Understanding Paintless Dent Repair (PDR)
Paintless dent repair is the standard repair method for hail damage when the paint surface has not been broken. A technician uses specialised tools to push the dents out from behind the panel, restoring the original shape without sanding, filling, or repainting.
PDR is significantly cheaper than traditional panel beating and produces better results on hail damage because it preserves the factory paint finish. A car that has been PDR repaired retains more resale value than one that has been repainted, because original factory paint is thicker, more durable, and reflects better under paint depth gauges used by buyers and dealers.
PDR rates vary by the number and severity of dents. A typical hail claim on a vehicle with moderate damage across four or five panels costs R3,000 to R8,000 for PDR. Severe damage, or damage to aluminium panels (which are harder to work with), can cost R10,000 to R20,000.
Where PDR is not possible — where the paint has cracked, the panel is creased rather than dented, or the damage is too severe — traditional panel beating and repainting is required.
Choosing a Repair Shop
After a major hailstorm, the repair market becomes chaotic.

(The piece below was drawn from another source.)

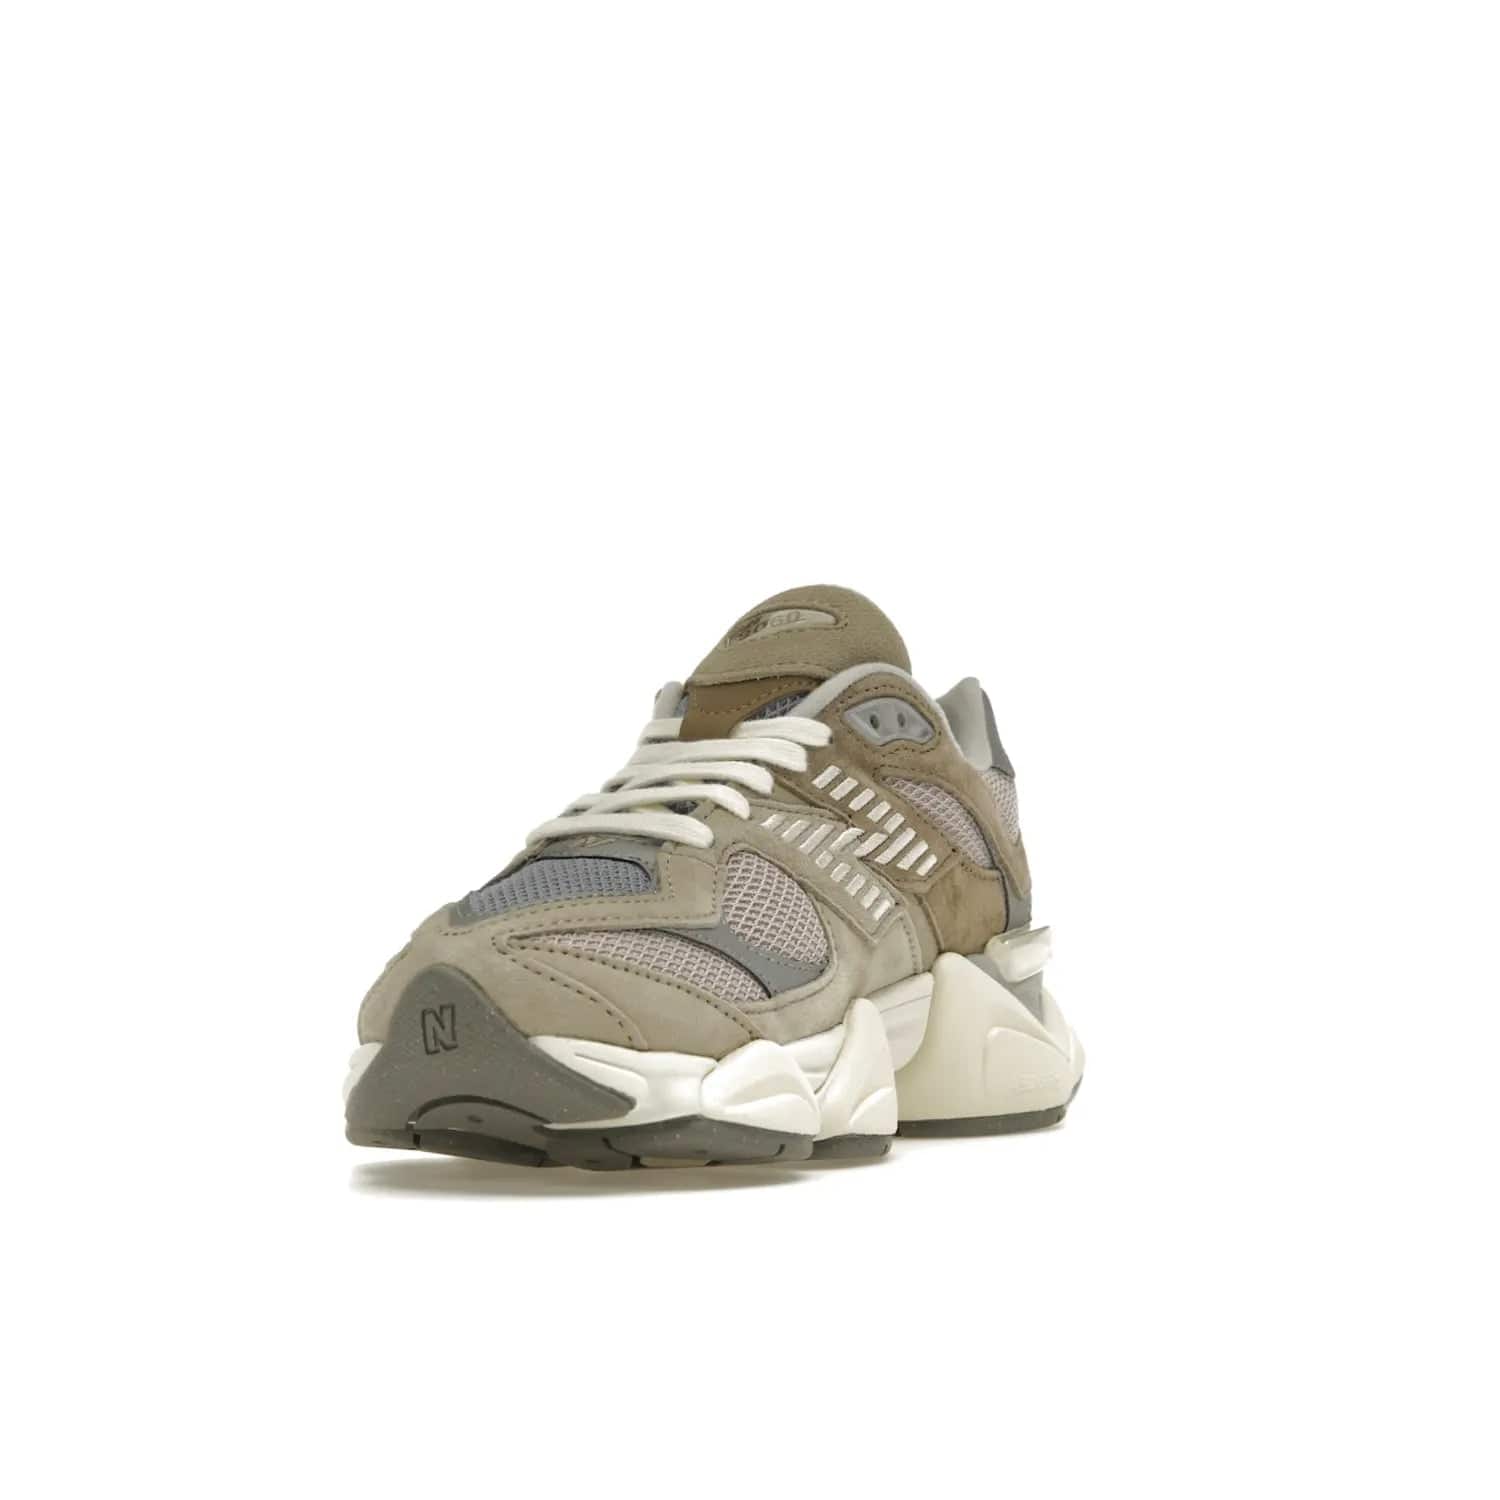 New Balance 9060 Mushroom - Image 13 - Only at www.BallersClubKickz.com - Get the New Balance 9060 Mushroom in stylish aluminum and mushroom tones. Featuring a porous mesh fabric with multiple suede overlays, a grey N symbol and rugged off-white/grey sole. Shop now and make a statement.

Mobile PDR operators from other provinces descend on affected cities, quality is highly variable, and some operators disappear before completing work or honouring guarantees.
A safer approach:
- Use your insurer's preferred or approved repairer if they have one — these shops have been assessed and are contractually accountable to the insurer
- If choosing your own repairer, ask specifically how long they have operated in your area, whether they have a physical address, and what their guarantee terms are
- Ask for a written repair quote with a specific list of panels being repaired and the method to be used
- Get at least two quotes if going outside the insurer's network
- Avoid anyone who approaches you unsolicited at a shopping centre or petrol station offering on-the-spot repairs — this is how many post-hail scams operate
Watch Out for These Scams
Hail events reliably attract opportunistic operators. Common scams:
- Upselling during repair — "we found additional damage" partway through the job. Get a comprehensive written quote before work starts.
- Ghost repairs — you pay (or your insurer pays) for work not fully completed. Inspect the car thoroughly before signing off.
- Panel replacement instead of PDR — some unscrupulous shops replace panels (more expensive, billable to insurer) when PDR would have sufficed. If you have doubts about whether replacement was necessary, ask for the old panel to be returned.
- Shoddy PDR — poorly performed PDR can leave stretch marks in the paint or incompletely worked dents. Inspect the car in open shade at a low angle before accepting the vehicle back.
What If You Are Not Insured?
If you do not have comprehensive insurance, you will be paying for hail repairs out of pocket. In this case:
- Get three written quotes from established shops
- Prioritise PDR for dents that have not broken the paint — it is significantly cheaper than panel and paint
- Be aware that dent damage that is left unrepaired can promote rust at the edges of the affected area, particularly on older vehicles with thinner clear coat
- If the damage is purely cosmetic and the vehicle is older, weigh the repair cost against the vehicle's value before committing to a full repair
The Bottom Line
Hail damage is stressful but almost always repairable. Document immediately, contact your insurer before committing to a repairer, use a shop with a verifiable track record, and inspect the work thoroughly before signing off. A good PDR technician can restore a hail-battered car to a condition that is genuinely difficult to distinguish from pre-damage — but only if you choose the right one.